> Try it: Exactly the lines from the one containing "sir-in-the-sky.jpg" to the final line below should be output, and no others.

Collected data

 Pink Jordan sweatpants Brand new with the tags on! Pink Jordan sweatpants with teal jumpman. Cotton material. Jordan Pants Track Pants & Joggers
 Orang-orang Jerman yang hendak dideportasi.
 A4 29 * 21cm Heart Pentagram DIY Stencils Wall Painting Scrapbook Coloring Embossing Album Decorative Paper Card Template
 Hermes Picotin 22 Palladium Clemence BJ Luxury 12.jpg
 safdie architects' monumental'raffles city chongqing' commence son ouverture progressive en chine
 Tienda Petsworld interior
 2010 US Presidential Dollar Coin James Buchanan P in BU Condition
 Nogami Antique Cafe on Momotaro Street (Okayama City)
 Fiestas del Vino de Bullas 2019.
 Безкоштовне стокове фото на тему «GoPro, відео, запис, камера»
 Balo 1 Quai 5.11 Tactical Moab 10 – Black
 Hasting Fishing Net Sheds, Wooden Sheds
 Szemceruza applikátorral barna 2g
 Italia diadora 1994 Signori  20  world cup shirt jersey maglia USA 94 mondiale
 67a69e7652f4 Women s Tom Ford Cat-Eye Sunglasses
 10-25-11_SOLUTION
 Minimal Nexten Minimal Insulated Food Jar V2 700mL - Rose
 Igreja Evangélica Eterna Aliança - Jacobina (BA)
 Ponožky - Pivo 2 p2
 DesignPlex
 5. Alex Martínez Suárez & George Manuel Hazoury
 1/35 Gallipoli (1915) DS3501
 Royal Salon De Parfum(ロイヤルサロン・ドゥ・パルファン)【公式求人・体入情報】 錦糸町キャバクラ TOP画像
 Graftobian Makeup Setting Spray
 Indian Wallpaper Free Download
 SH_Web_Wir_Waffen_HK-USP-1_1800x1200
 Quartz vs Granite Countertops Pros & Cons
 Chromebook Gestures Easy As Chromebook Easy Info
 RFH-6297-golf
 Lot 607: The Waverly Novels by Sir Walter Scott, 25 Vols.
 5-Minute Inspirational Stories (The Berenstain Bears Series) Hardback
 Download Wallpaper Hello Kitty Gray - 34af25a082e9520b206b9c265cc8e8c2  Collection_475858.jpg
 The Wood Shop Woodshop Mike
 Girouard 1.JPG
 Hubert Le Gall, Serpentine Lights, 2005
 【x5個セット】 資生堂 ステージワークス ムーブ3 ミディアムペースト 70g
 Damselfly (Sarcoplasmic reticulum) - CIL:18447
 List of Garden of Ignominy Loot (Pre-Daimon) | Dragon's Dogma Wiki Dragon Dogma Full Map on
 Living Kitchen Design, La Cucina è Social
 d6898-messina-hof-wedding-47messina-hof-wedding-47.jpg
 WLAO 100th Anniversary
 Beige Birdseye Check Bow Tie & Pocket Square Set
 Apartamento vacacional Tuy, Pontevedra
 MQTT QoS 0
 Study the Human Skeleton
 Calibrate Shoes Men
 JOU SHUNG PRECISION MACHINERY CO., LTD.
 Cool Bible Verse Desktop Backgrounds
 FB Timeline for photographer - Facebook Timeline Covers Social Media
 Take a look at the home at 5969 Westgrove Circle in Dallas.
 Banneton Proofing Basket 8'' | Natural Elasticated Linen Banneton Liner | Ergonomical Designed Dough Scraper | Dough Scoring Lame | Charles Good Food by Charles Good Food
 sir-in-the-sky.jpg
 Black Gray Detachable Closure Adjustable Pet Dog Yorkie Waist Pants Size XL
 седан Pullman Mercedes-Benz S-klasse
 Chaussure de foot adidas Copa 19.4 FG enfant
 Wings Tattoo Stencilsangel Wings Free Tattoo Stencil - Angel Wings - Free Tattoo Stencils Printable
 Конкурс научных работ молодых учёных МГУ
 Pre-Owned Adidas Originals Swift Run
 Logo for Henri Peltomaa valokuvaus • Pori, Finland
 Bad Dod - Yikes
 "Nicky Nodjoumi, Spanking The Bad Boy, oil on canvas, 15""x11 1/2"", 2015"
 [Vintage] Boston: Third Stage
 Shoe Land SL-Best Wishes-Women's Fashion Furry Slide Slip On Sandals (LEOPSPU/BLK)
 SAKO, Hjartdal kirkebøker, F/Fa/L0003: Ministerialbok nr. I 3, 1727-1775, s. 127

> Finished task:
 sir-in-the-sky.jpg
 Black Gray Detachable Closure Adjustable Pet Dog Yorkie Waist Pants Size XL
 седан Pullman Mercedes-Benz S-klasse
 Chaussure de foot adidas Copa 19.4 FG enfant
 Wings Tattoo Stencilsangel Wings Free Tattoo Stencil - Angel Wings - Free Tattoo Stencils Printable
 Конкурс научных работ молодых учёных МГУ
 Pre-Owned Adidas Originals Swift Run
 Logo for Henri Peltomaa valokuvaus • Pori, Finland
 Bad Dod - Yikes
 "Nicky Nodjoumi, Spanking The Bad Boy, oil on canvas, 15""x11 1/2"", 2015"
 [Vintage] Boston: Third Stage
 Shoe Land SL-Best Wishes-Women's Fashion Furry Slide Slip On Sandals (LEOPSPU/BLK)
 SAKO, Hjartdal kirkebøker, F/Fa/L0003: Ministerialbok nr. I 3, 1727-1775, s. 127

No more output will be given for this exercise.